REQUIRED WORK | Please leave out pictures and print exactly the lines from the one that has "hedsor-house-wedding-photography-27.jpg" through the last line of the material below.

DATA SEGMENT |
↓

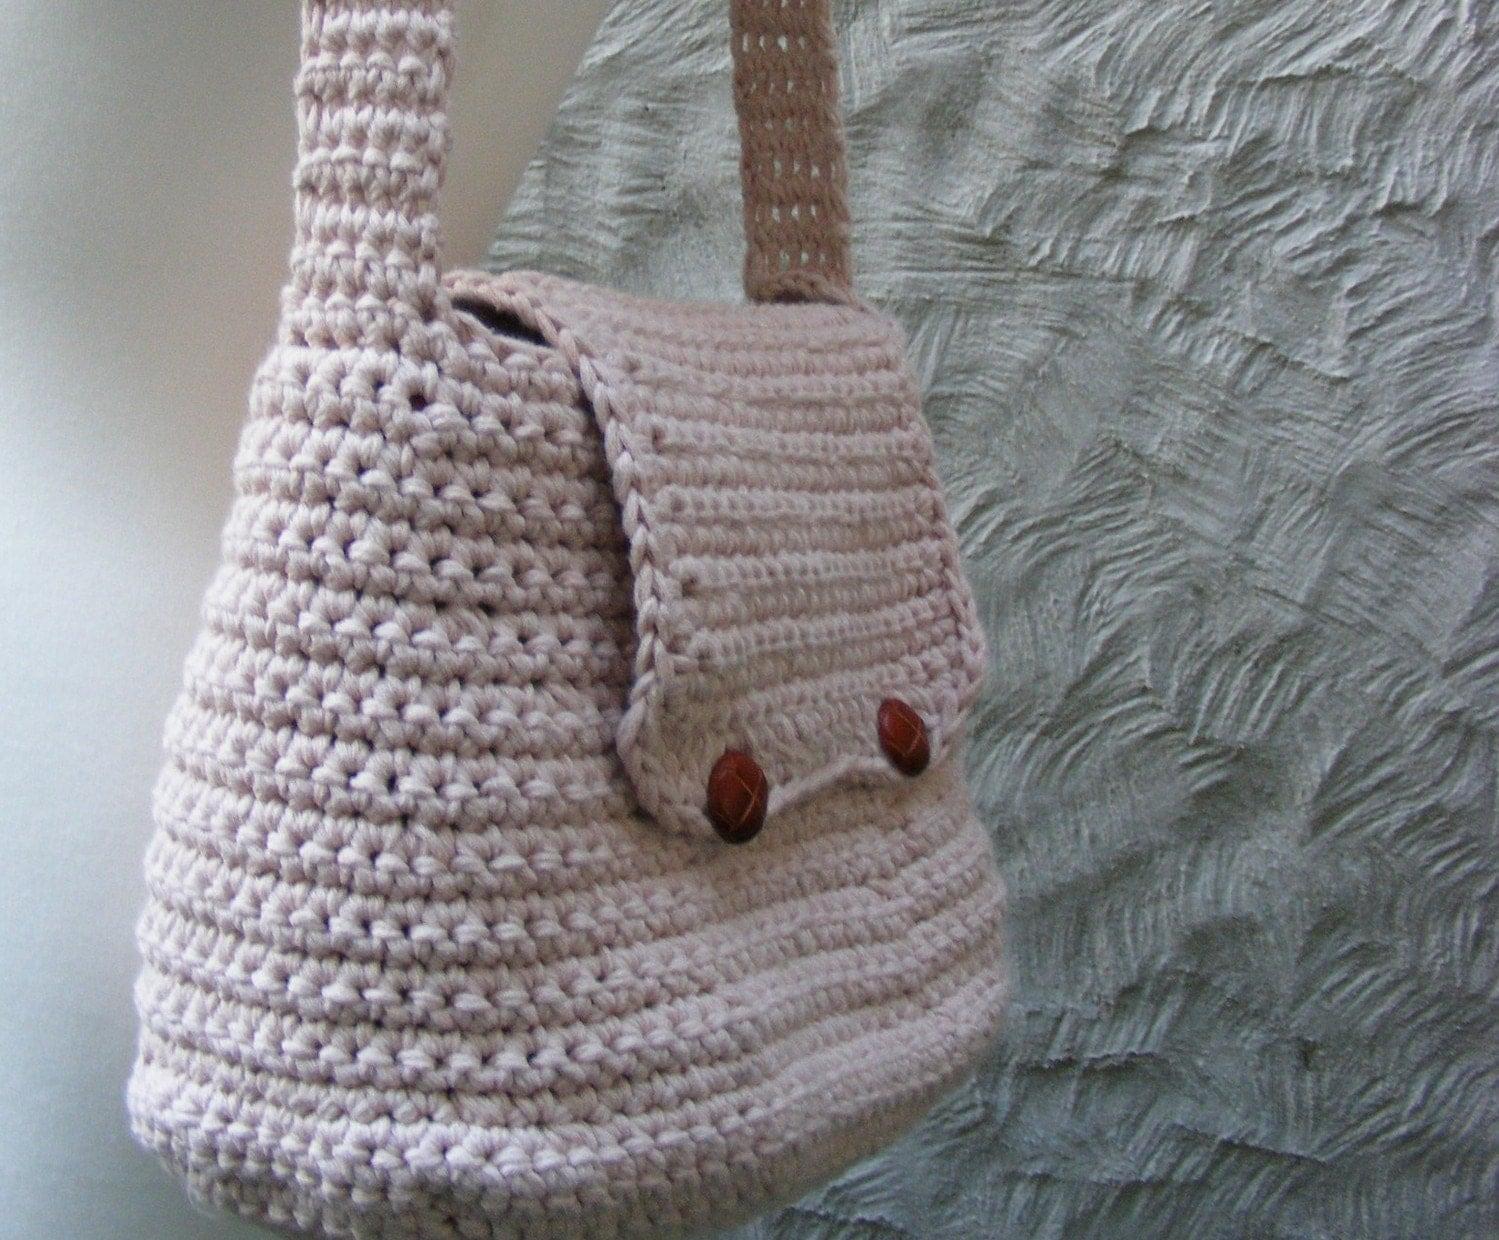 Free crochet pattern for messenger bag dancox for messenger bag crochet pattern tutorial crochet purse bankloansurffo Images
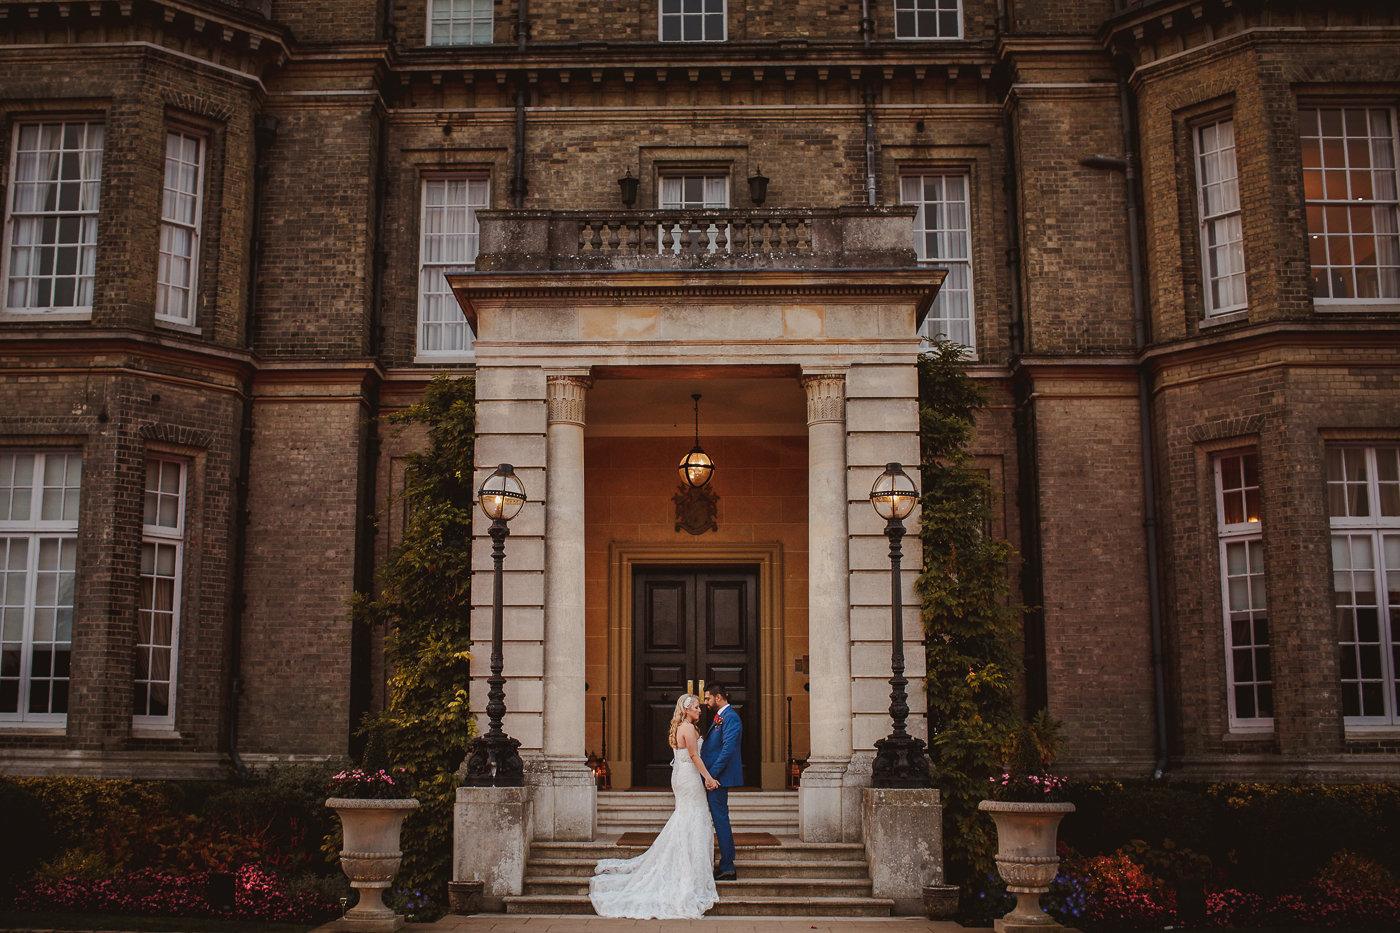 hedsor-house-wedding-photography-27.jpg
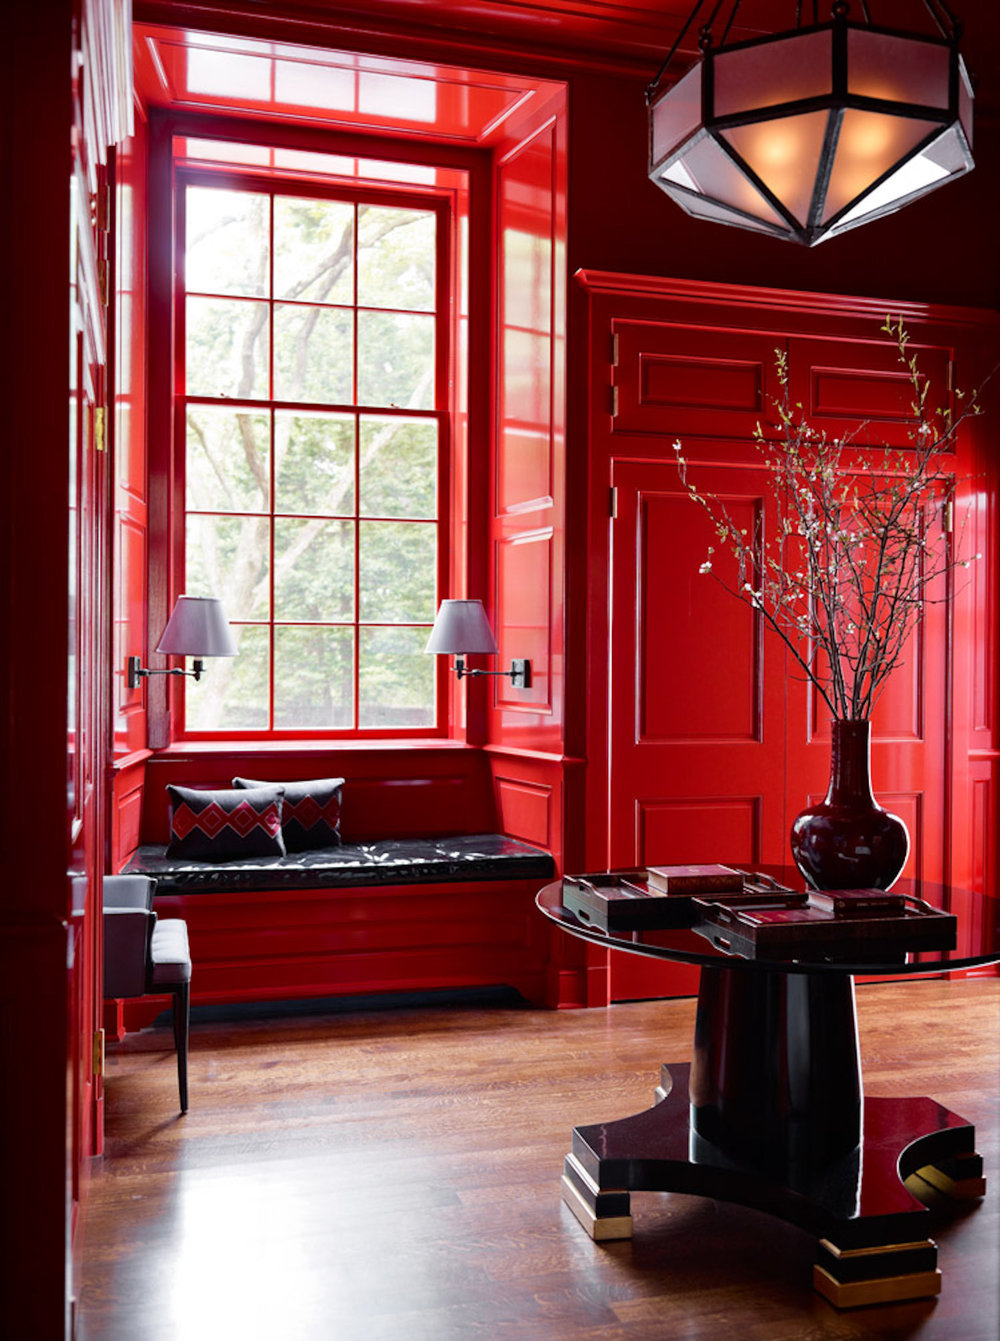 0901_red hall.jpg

↑

RESULT OF THE EXERCISE |
 hedsor-house-wedding-photography-27.jpg
 0901_red hall.jpg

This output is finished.